Didier Leschi poursuit en décrivant l’immigration afghane sous le titre : Des Afghans peu formés. « Il en ressort, écrit-il, comme caractéristique principale un faible niveau de scolari­sation au sein du groupe afghan. Plus de 40% des personnes interrogées ont déclaré ne jamais avoir été scolarisées. » Cette référence est peu compatible avec une autre référence qu’on trouve plus loin : « 10% ne savent ni lire ni écrire ». Les 90 % qui savent lire ou écrire où l’ont-ils appris ? On pourrait de même décrire la population française en écrivant « Des Français peu formés » puisque certains politiciens avancent que près de 30% des élèves français qui arrivent en 6ème ne savent pas lire ni écrire. Ce serait bien sûr trompeur. Mais surtout, écrire que les Afghans en général sont peu formés en se référant uniquement à ceux qui n’ont pas fait d’études est étrange, quand on sait que la France a accueilli nombre d’intellectuels, d’artistes, de sportifs de bon niveau. C’est discriminant et peu convenable. Parmi les biais conduisant à de tels chiffres on nous cite le fait que le bruit aurait couru chez les candidats à l’exil qu’il était préférable de dire à l’OF­PRA qu’on n’avait pas fait d’études. Quoi qu’il en soit, tout le monde sait que les estimations à partir de déclarations sont sujettes à caution.

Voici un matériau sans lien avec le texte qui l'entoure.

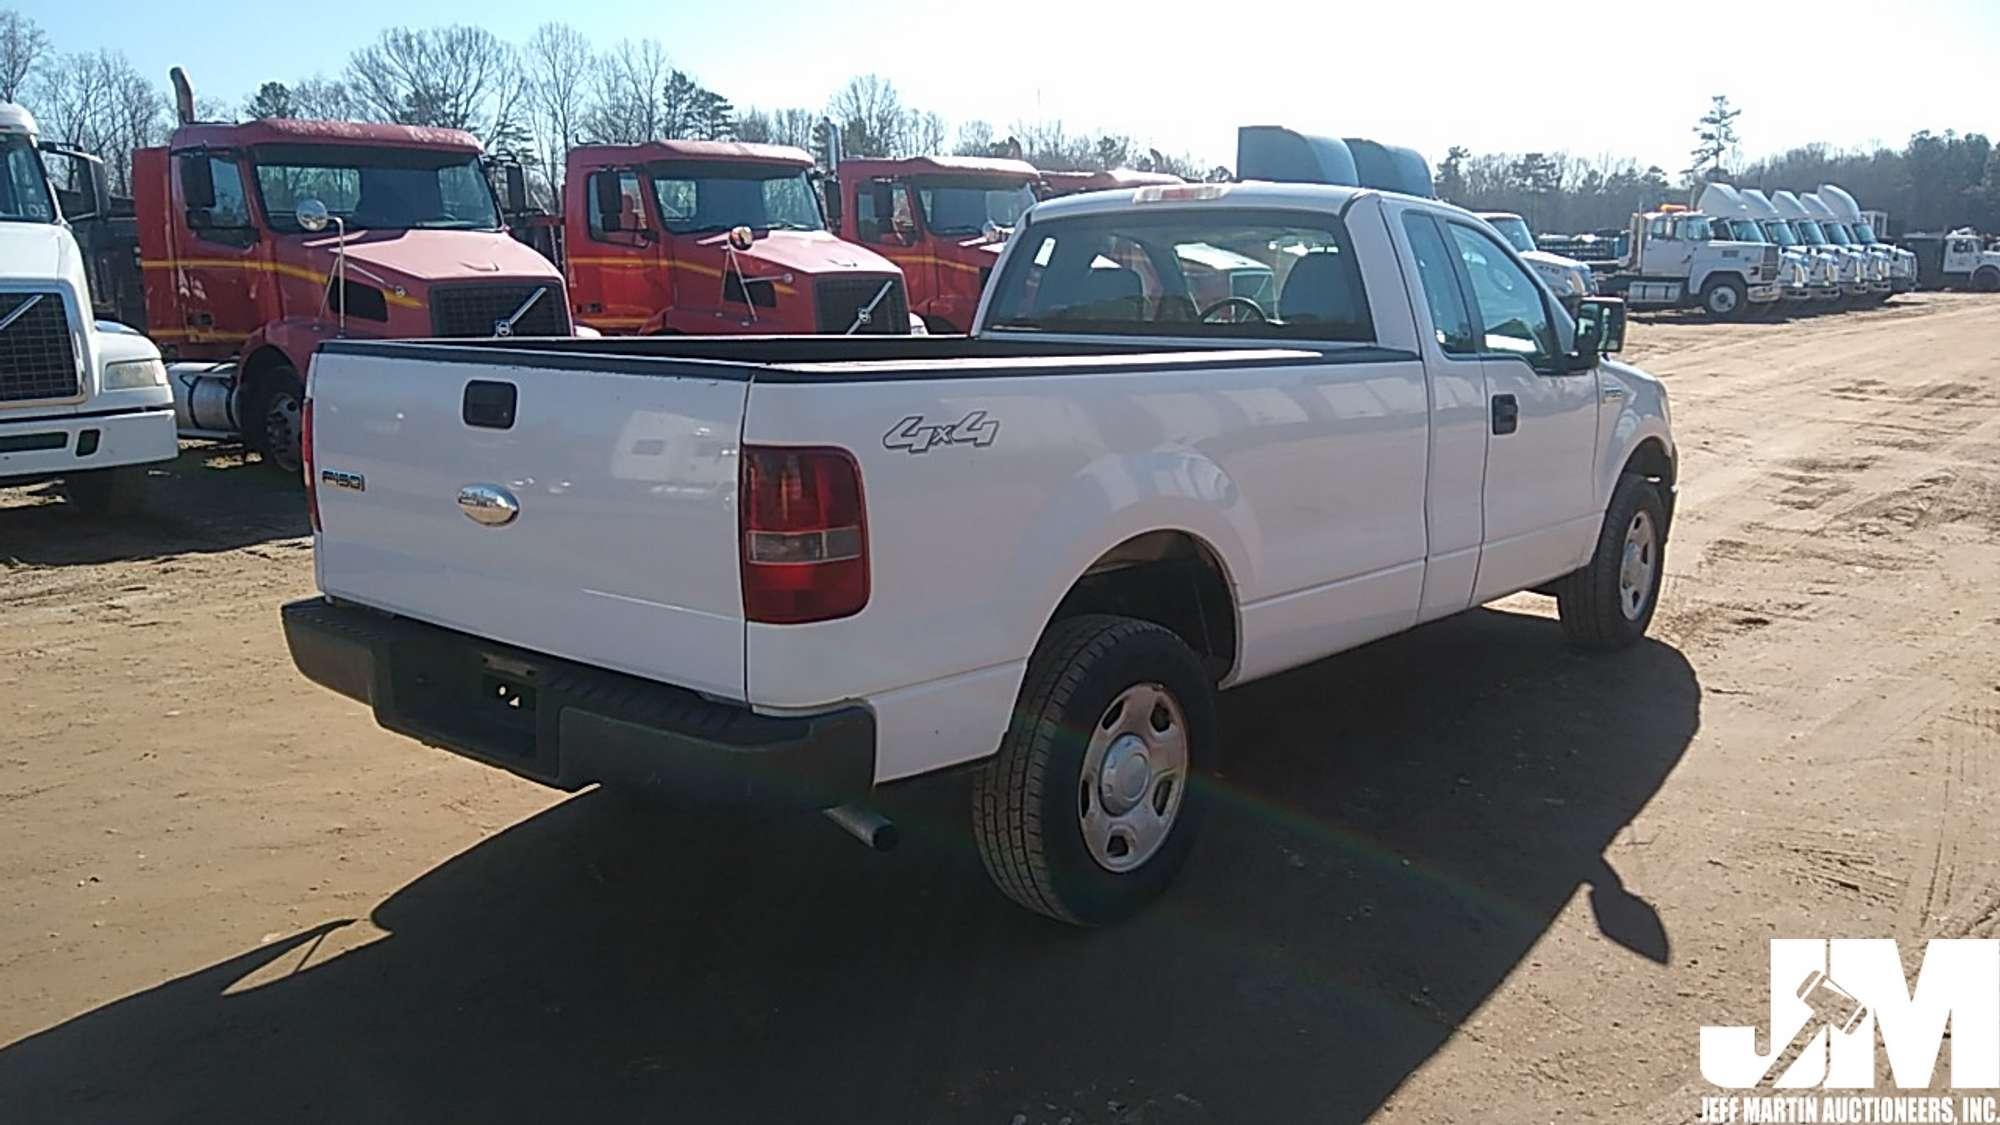 2006 FORD F-150 EXTENDED CAB 4X4 PICKUP VIN: 1FTRF14W76NB77554

Le rapport écrit : « Vingt années de « république isla­mique » sous influence occidentale n’ont pas permis d’amé­liorer de façon significative la prise en charge scolaire des Afghans, qu’ils viennent des zones rurales ou urbaines. » Cette induction n’est pas valable. Il n’est pas possible d’in­duire d’un taux (d’ailleurs sujet à caution comme on l’a vu) d’alphabétisation dans une population réfugiée un taux de scolarisation en Afghanistan. Il y a beaucoup de cinéastes afghans en France, peut-on en déduire que le cinéma afghan était en plein essor ? D’ailleurs, et contrairement à ce qu’af­firme l’auteur, la scolarisation s’était considérablement déve­loppée en Afghanistan entre 2002 et 2021, y compris chez les filles, au point d’atteindre près de 100% dans certaines villes ou certaines zones rurales (Hazaradjat), sauf dans les régions où la présence talibane était importante et où donc les com­bats poussaient au départ. C’est peut-être de ces régions que sont issus une partie des réfugiés afghans analphabètes. Cela mériterait une étude plus documentée.

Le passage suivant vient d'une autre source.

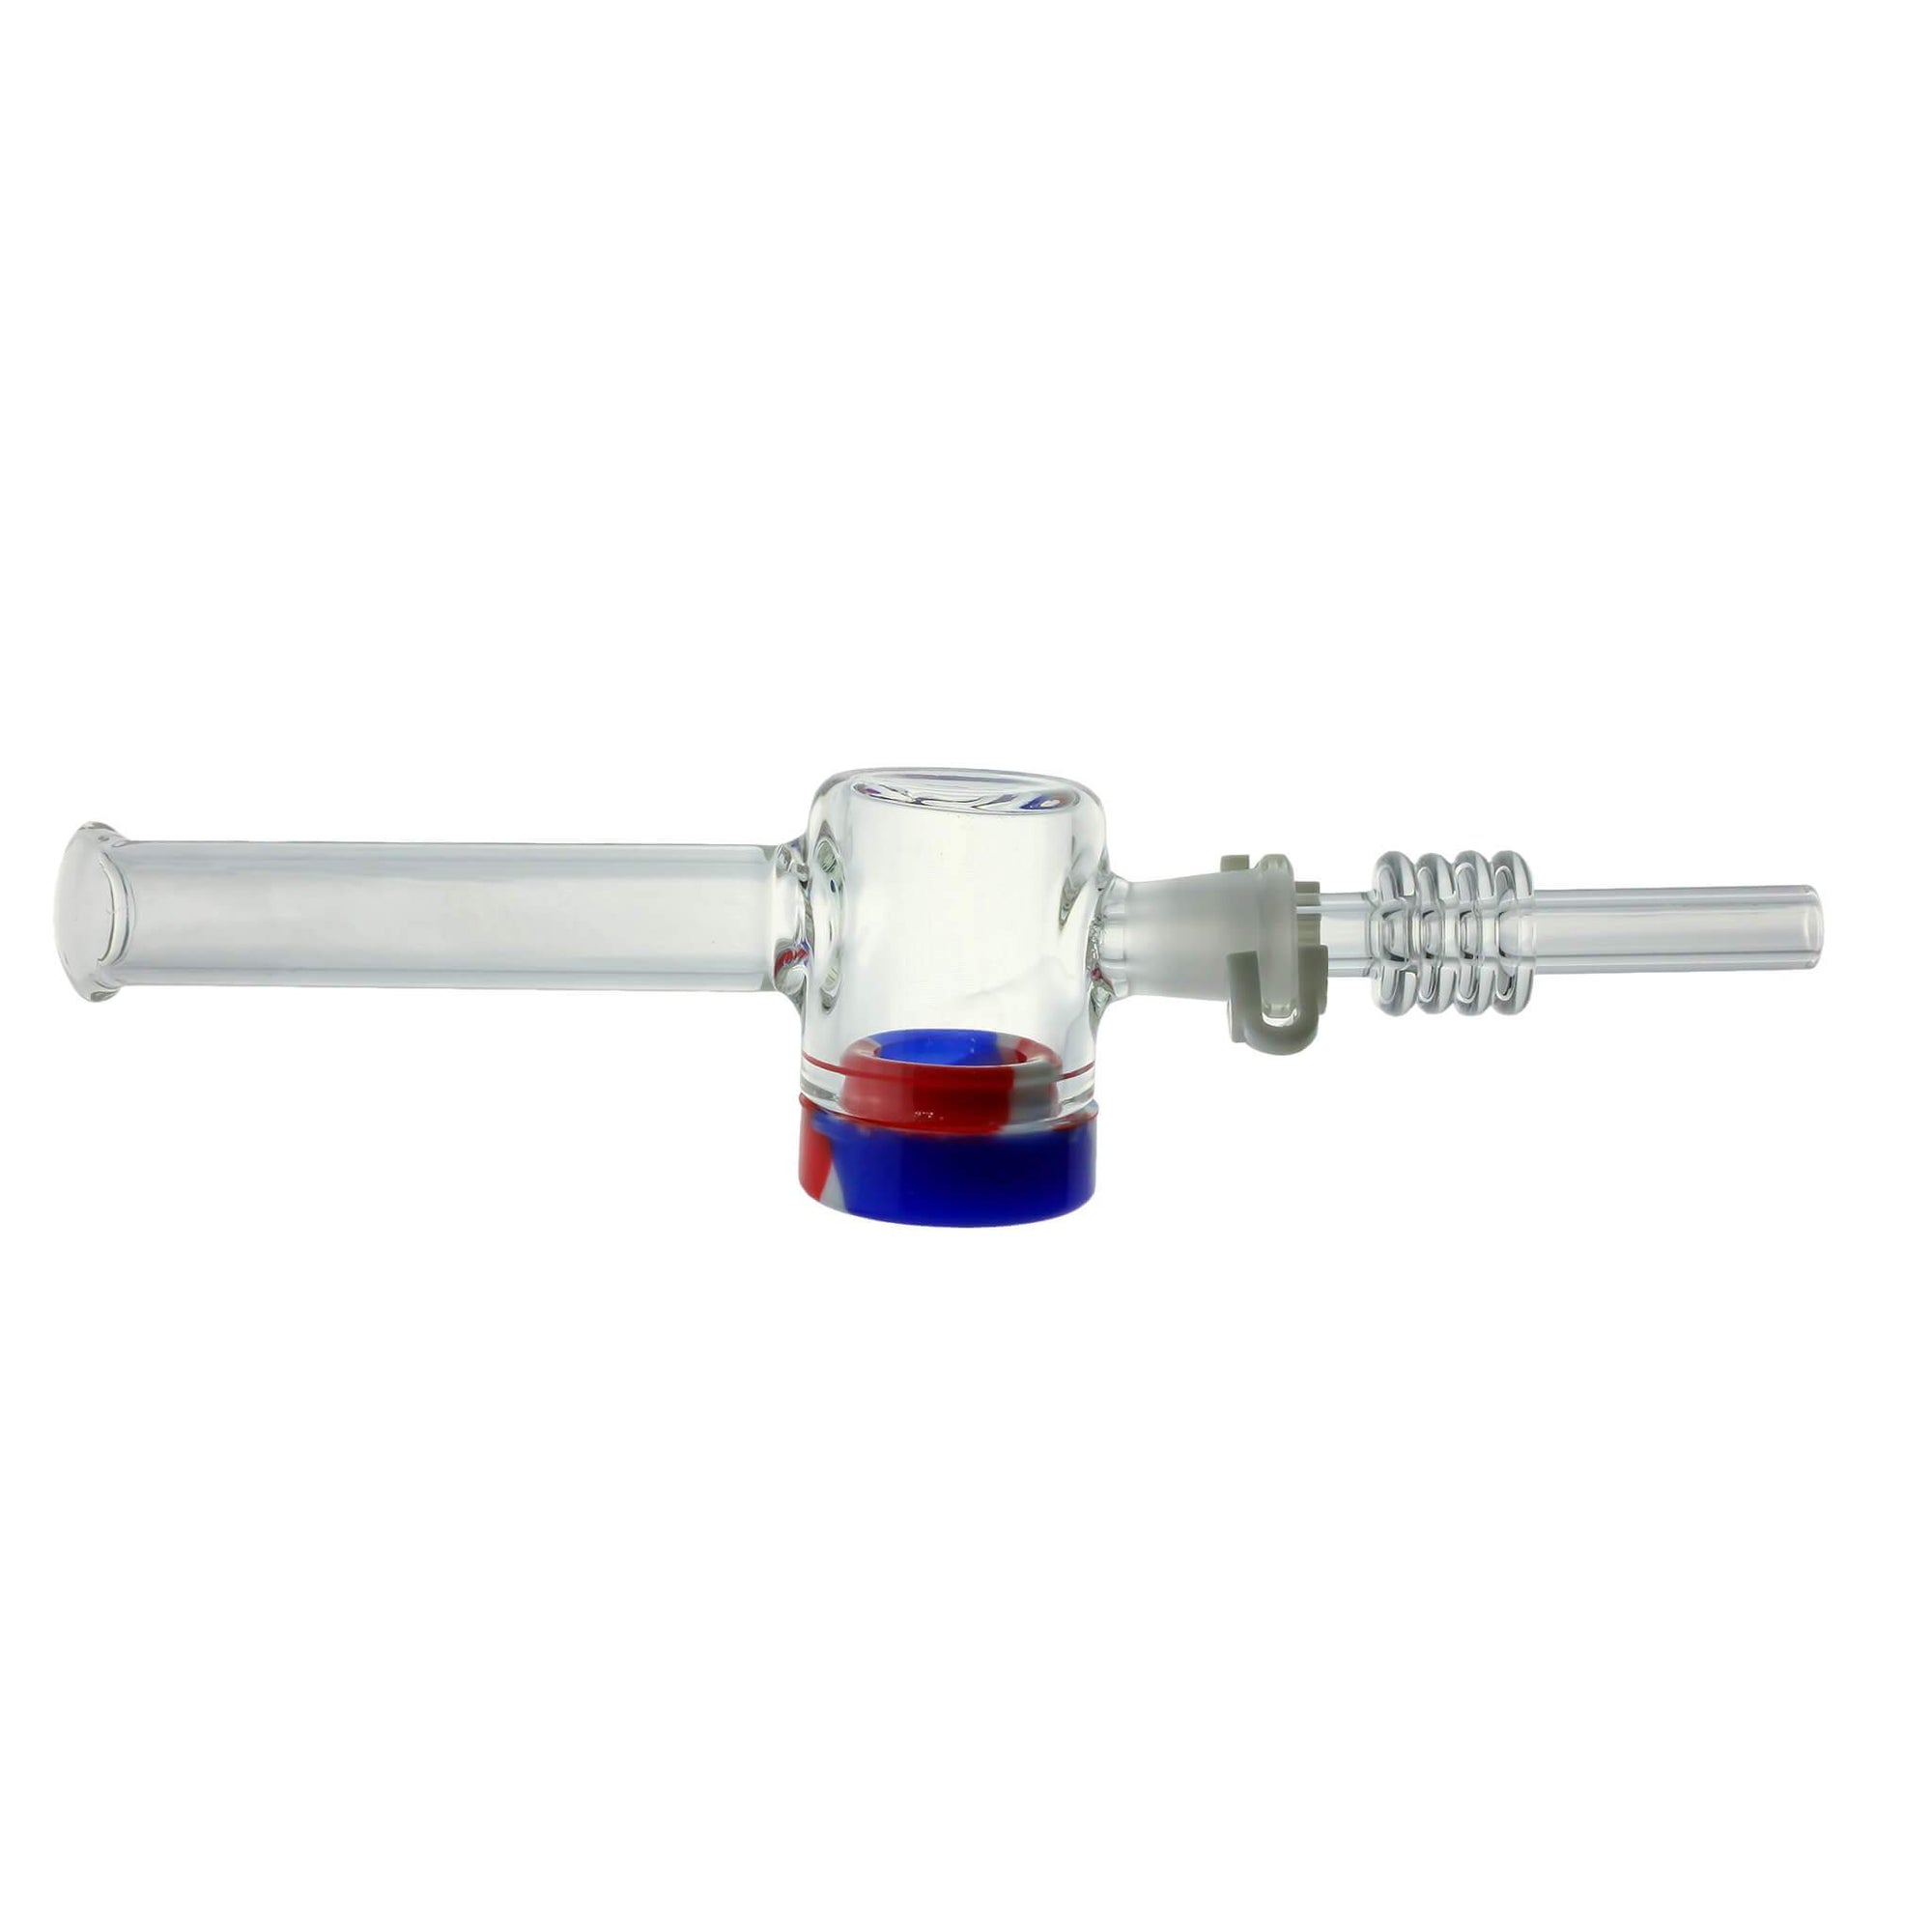 Glass Nectar Collector Kits | Angled Business View | Dabbing Warehouse

Si beaucoup de demandeurs d’asile ayant fait des études supérieures ne sont pas venus en France, il faut d’ailleurs rap­peler que ce n’est pas nécessairement le fait d’un choix déli­béré, mais du fait d’une grande difficulté d’obtenir un visa. Il est clair qu’un cadre supérieur, marié et père de famille pren­dra plus difficilement le chemin clandestin des montagnes et des cols que des jeunes moins éduqués et sans travail.

Le rapport se corse ensuite sous le titre « Un problème important d’ordre public ». C’est sans doute ce chapitre qui est le plus problématique. Pour son propos, l’auteur pro­cède à deux développements appuyés chacun sur une seule source. La première est le « Pew Research Center », un insti­tut américain qui a procédé à une enquête en 2013 en Afgha­nistan sans doute par téléphone auprès de 1509 personnes principalement des hommes. Nous ne connaissons pas le degré de professionnalisme de cet institut, mais nous nous interrogeons sur la fiabilité des données recueillies. On sait la tendance afghane à répondre à des questions par des ré­ponses voulant correspondre au mieux au désir pressenti de l’interrogateur. On sait aussi la maigre fiabilité de réponses recueillies dans un contexte de tensions sociales auxquelles se rajoute certainement la crainte d’un manque de confiden­tialité.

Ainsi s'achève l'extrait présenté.